Opinion: recent incidents may have raised concerns about unsafe planes and flying, but it's really about human psychology and the availability heuristic
There has been a steady stream of stories in 2018 about depressurisation incidents in the air, often with scary, sometimes fatal outcomes. In April, Jennifer Riordan was killed in an accident on a Southwest Airlines flight when an engine failure caused shrapnel from the engine to break a window on her plane. The sudden decompression caused her to be partially sucked out of the plane and, despite frantic efforts from fellow passengers, it was impossible to save her life.
More recently, a broken windshield on a Sichuan Airlines flight caused a co-pilot to be partially sucked out of his plane and, luckily, this individual escaped with minor injuries. In a much less violent episode, a recent Southwest Airlines flight made an emergency landing after a depressurisation incident.
From RTÉ Radio One's Morning Ireland, David Gleave, aviation safety researcher at Loughborough University, assesses the recent Southwest Airlines incident
Are planes getting more undependable and is flying getting more dangerous? It certainly seems this way, but there is another explanation that is based on human psychology. We use a number of mental shortcuts when we process information, and one of these, the availability heuristic, helps to explain why these stories can have an outsized influence on perceptions of the safety of airlines.

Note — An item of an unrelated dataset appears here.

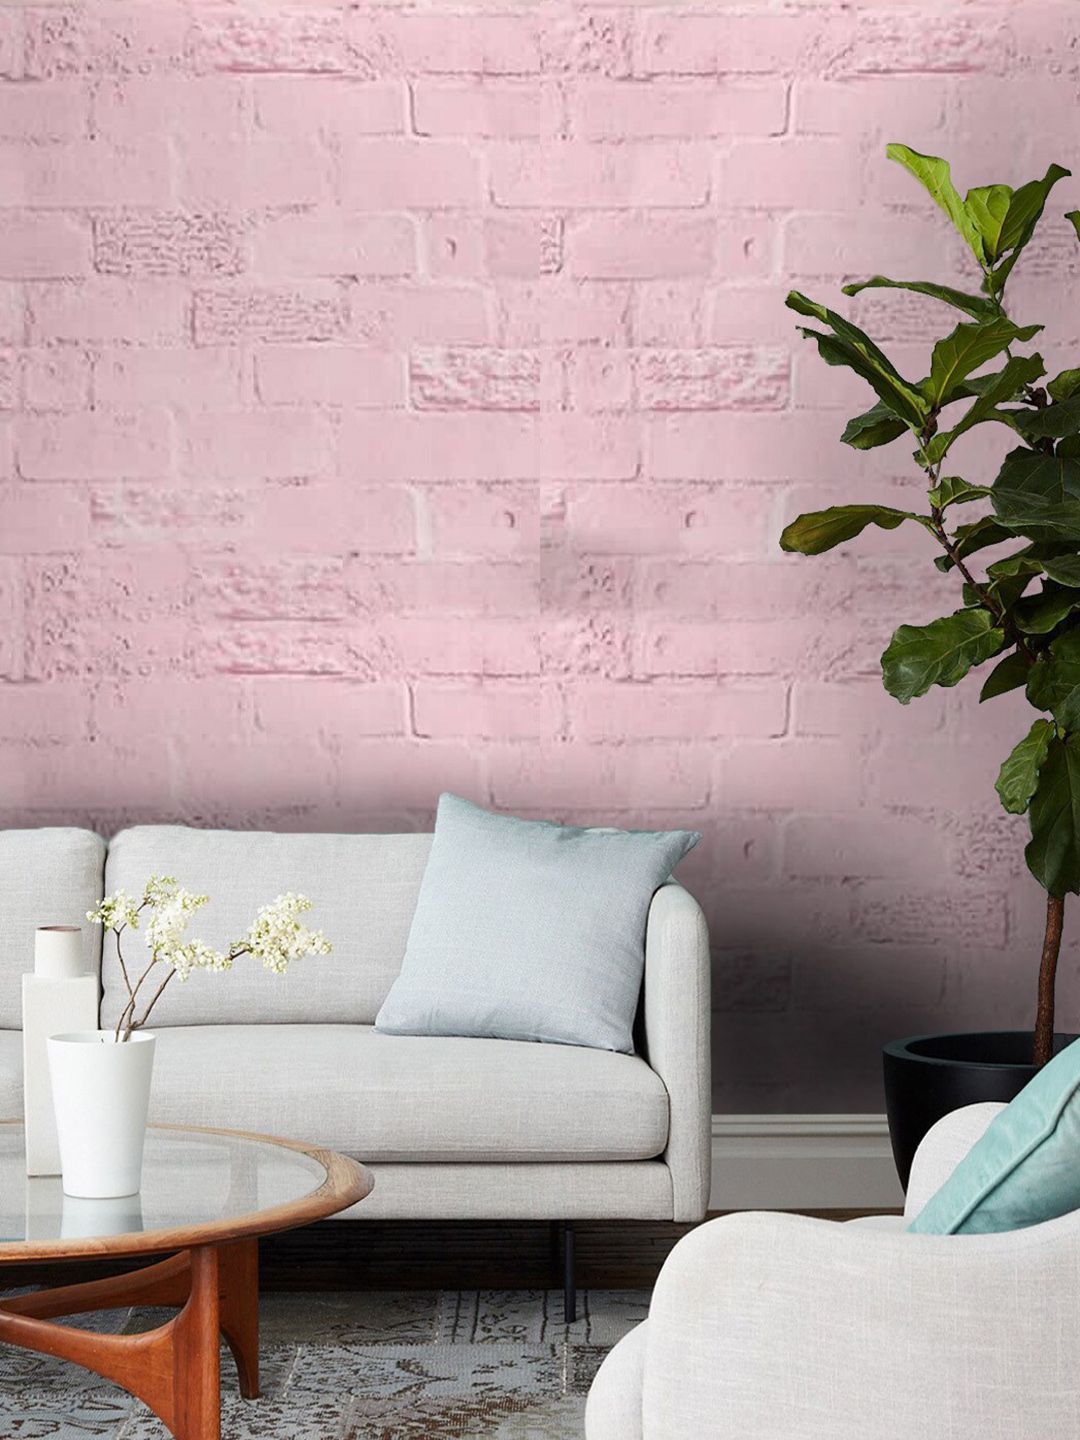 Jaamso Royals Pink Self-Adhesive & Waterproof Brick Wallpaper Price in India

The availability heuristic states that if something can be easily bought to mind or easily recalled, people tend to treat it as important and tend to base their judgments on things that are readily mentally available. Stories that are both recent and vivid, such as a person being sucked out of an airplane window, are certainly available. When you ask people to think about flying, it is hard for them not to think about these very scary incidents.
The best advice is that the world is rarely as scary as it is portrayed in the media
The media does a lot to magnify perceptions of particular types of risks. For example, stories of shark attacks pop up frequently and these vivid stories usually lead to a great deal of concern being bitten by a shark. But the odds of being killed by a shark are about 90 times less than the odds of being legally executed.
Because vivid stories like shark attacks sell newspapers and fill air time, availability creates a demand for related stories. That is, the first dramatic story of a woman being sucked out of an airplane window heightens everyone’s awareness of the possibility of this sort of dramatic event, and it makes subsequent stories of decompression failures seem more dramatic and more newsworthy.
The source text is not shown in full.